Padrenostro di Claudio Noce: recensione
Recensione di Padrenostro di Claudio Noce.
Come sono i padri negli occhi e nei ricordi, reali o fittizi, dei propri figli? Valerio guarda a suo papà Alfonso come a un dio, come alla stella polare, come ad una figura mitica da amare, venerare, non scalfire col peso del tempo che cambia i contorni delle cose. Padrenostro di Claudio Noce, premiato al Festival di Venezia 2020 con la Coppa Volpi a Pierfrancesco Favino (più un premio alla sua sfolgorante prima parte di carriera che alla performance nel film in questione), si concentra sul rapporto padre-figlio, su come il primo appare agli occhi (trasognanti) del secondo, verso lidi che conducono ad un altrove immaginifico che esula della realtà.
Padrenostro è un film pieno di difetti, ma spulciando bene tra questi si riescono a trovare dei punti a favore di Claudio Noce, che porta sul grande schermo una pagina orribile della sua infanzia: suo padre, infatti, noto vicequestore, fu vittima nel 1976 di un attentato per mano dei Nuclei Armati Proletari.
Sovrabbondante di ralenti e primissimi piani che non trovano vere giustificazioni a livello narrativo, nonché di lungaggini nella seconda parte che fanno un po’ terra bruciata di alcune buone cose seminate nella prima, Padrenostro ha però senza dubbio una sequenza che sa farsi ricordare: quella dell’attentato in strada al padre protagonista sulle note di Buonanotte fiorellino di Francesco De Gregori.

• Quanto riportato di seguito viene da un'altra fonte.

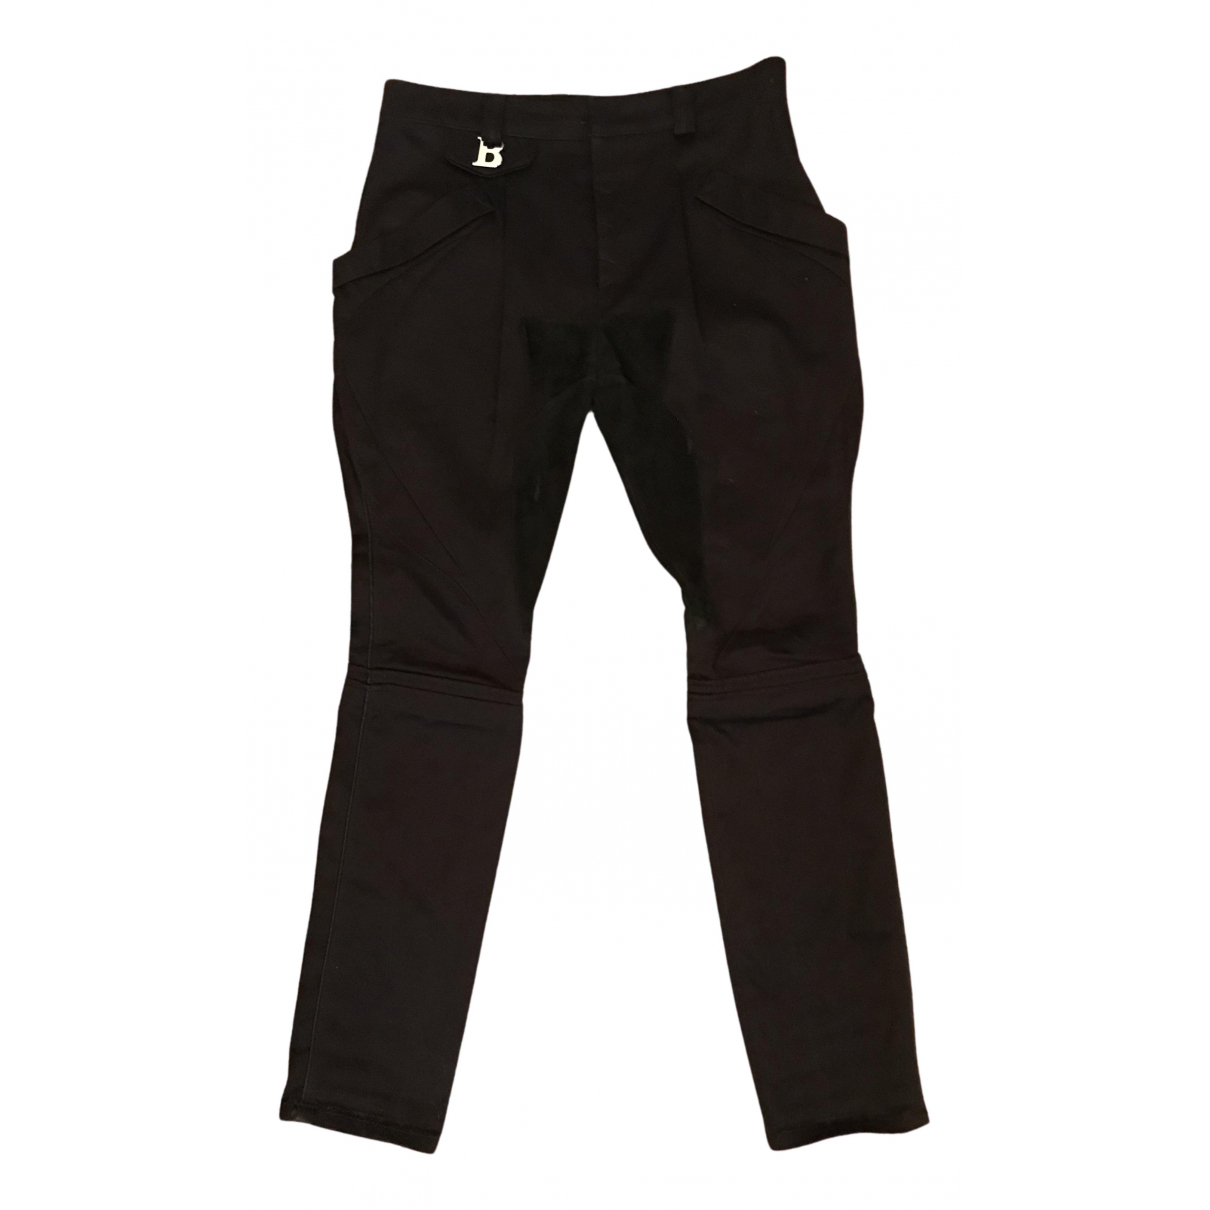 Balenciaga N Black Cotton Trousers for Women 40 FR

Contrappunto audio-video non nuovo nel cinema italiano contemporaneo, che però qui sa catturarci con rara intensità. Al netto di questo, che non può mettere a tacere le tante sbavature di un film ben lontano dal definirsi riuscito, Padrenostro ha nei suoi limiti, paradossalmente, anche i suoi punti di originalità e personalità. Claudio Noce ha un carattere registico che vuole mostrare a tutti i costi e che appare con forza in vari passaggi. Ma lo canalizza male, virando verso eccessi che colmano la misura della sopportazione dello spettatore. Eppure, i punti deboli, se astratti dal contesto, presi quindi singolarmente, sono dei punti di forza, che serbano in sé i (buoni) semi di un quid dietro la macchina da presa che già si era fatto notare nei quattro episodi da lui diretti nella serie tv 1994.

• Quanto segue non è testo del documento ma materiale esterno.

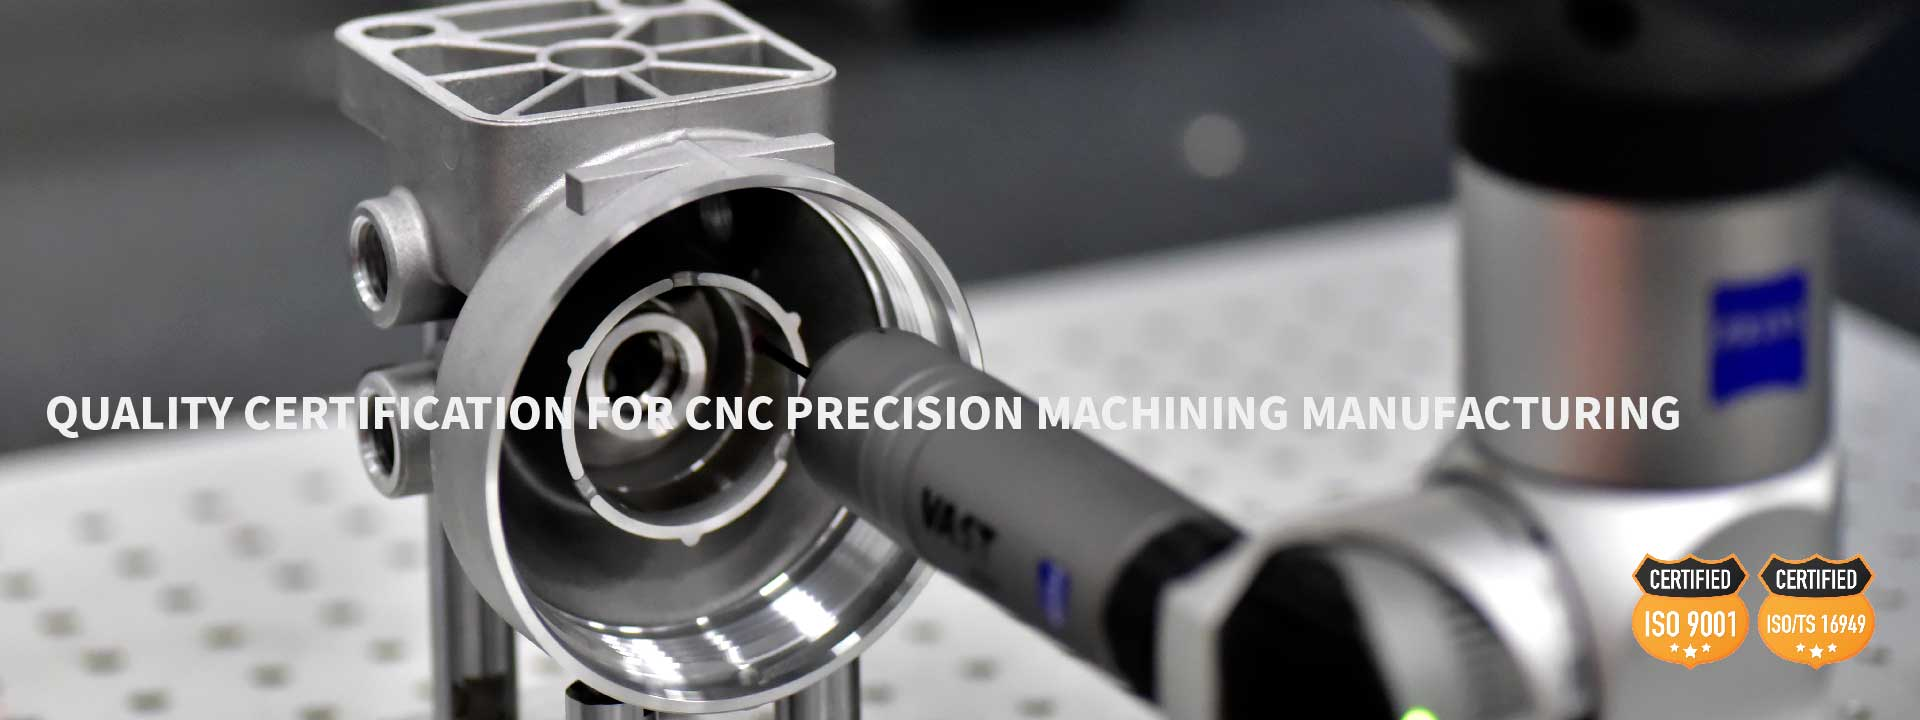 CNC-Precision-Machining-banner

Padrenostro è quindi un film discontinuo, altalenante, di luci e ombre, che però merita di essere visto con gli occhi della mente e con quelli del cuore, in modo da poter scindere cosa c’è di buono e di meno buono, rifuggendo un’abitudine troppo diffusa nella critica italiana, quando ci si approccia al cinema nostrano, di fare di tutt’erba un fascio e buttare alle ortiche anche il grano buono, o che almeno può dare, in previsione, buoni frutti.